Progress, I'd told myself. Small, painful progress.

The second leg of the journey had been marginally easier, exhaustion finally winning out over anxiety, allowing me tosleep for a few hours. I'd woken as we'd begun our descent into Heathrow, the landscape of England spread out below us—green and grey and comforting.

My new home for the next six months.

As the plane touched down with a jolt, I thought about what awaited me—my mother's worried face, my brother's cautious support, the sterile halls of the rehab facility where I'd spend the next three months. It wasn't an appealing prospect. But it was necessary. It was the consequence of my choices, the price I had to pay for a chance at a better future.

James’s word echoed in my mind,"When you love someone, you love them and their flaws. I knew you before you were this person, I know the person you can be, and I loved that person, and I love this broken version too. Just go get your shit together, and I'll see you in six months."

Maybe he was right. Maybe love wasn't something you earned or deserved—maybe it just was, as fundamental and unquestionable as gravity. And maybe the people who truly loved you didn't do so despite your flaws, but with full knowledge of them, accepting the whole messy, complicated reality of who you were.

The thought was both comforting and terrifying. Because if that was true—if Con and James and my family loved me not because they were blind to my faults, but because they saw me clearly and loved me anyway—then I had been running from something real and precious. Something worth fighting for.

As the plane taxied to the gate and passengers around me began gathering their belongings, I took a deep breath and made myself a promise.

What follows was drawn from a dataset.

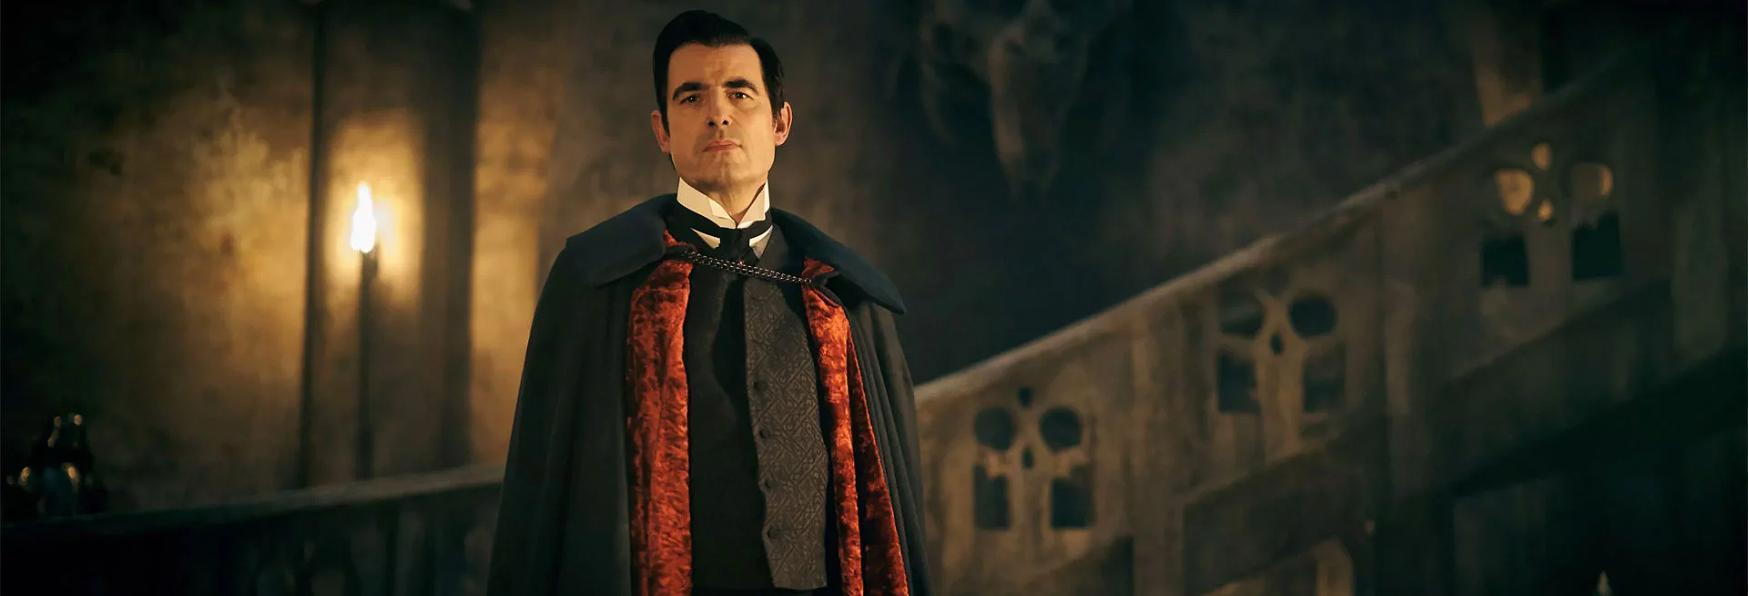 Dracula: Recensione dei primi Due Episodi della nuova Miniserie BBC di Steven Moffat e Mark Gatiss

This time would be different. This time, I wouldn't just go through the motions of recovery, ticking boxes and saying what the counsellors wanted to hear. This time, I would do the real work—the hard, painful work of facingmy demons, of understanding why I kept running, why I kept sabotaging myself, why I was so afraid of being loved.

Because I was tired of running. Tired of hurting people. Tired of hurting myself.

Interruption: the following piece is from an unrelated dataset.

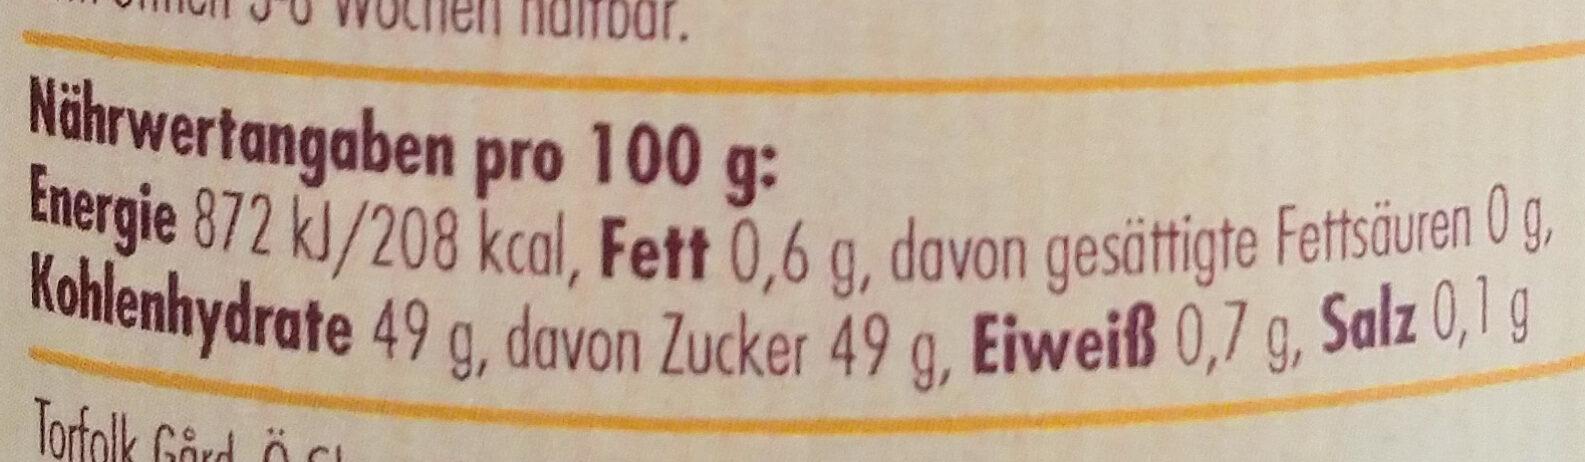 Schwarze Johannisbeer-Konfitüre - Voedingswaarden - de

The seatbelt sign dinged off, and passengers began standing, retrieving bags from overhead compartments, forming the usual impatient queue in the aisle. I remained seated for a moment longer, gathering my courage.

Then I stood, pulled my carry-on from under the seat in front of me, and joined the line. One step at a time. That's all I could do—all anyone could do, really. And for now, that had to be enough.

As I walked through the jet bridge toward the terminal, toward whatever came next, I felt something unfamiliar stirring in my chest. Not happiness, exactly—I was still too raw, too sick, too scared for that. But something adjacent to it. Something that felt, cautiously, like hope.

I wasn't running away this time. I was heading to a destination. And for the first time in longer than I could remember, I was facing forward instead of looking back.

Chapter 28

Geri

Rehab passed in tears, vomit, and lots of painful therapy sessions. One thing people don't talk about is the struggle you go through when you're in there. The questions you get asked, the things you have to pull up from the depths where they need to stay.

The facility my mother had found was nestled in the English countryside, all exposed beams and stone walls, trying desperately to look like a quaint country retreat rather than what it was—a place where broken people came to be put back together. My room was small but private, with a narrow bed, a desk by the window overlooking the gardens, and a bathroom so compact I could barely turn around in the shower. But it was clean and quiet, and after the chaos of the past few months, that alone felt like a luxury.

The first week was purely physical—my body purging itself of the last traces of chemicals, rebelling against their absence with a vengeance that left me weak and hollow. I'd thought I'd done most of the detoxing before I left, but apparently my system had other ideas. The nurses were kind but firm, bringing me water and clean sheets when I soaked mine through with sweat,checking my vitals with practiced efficiency, assuring me that this would pass.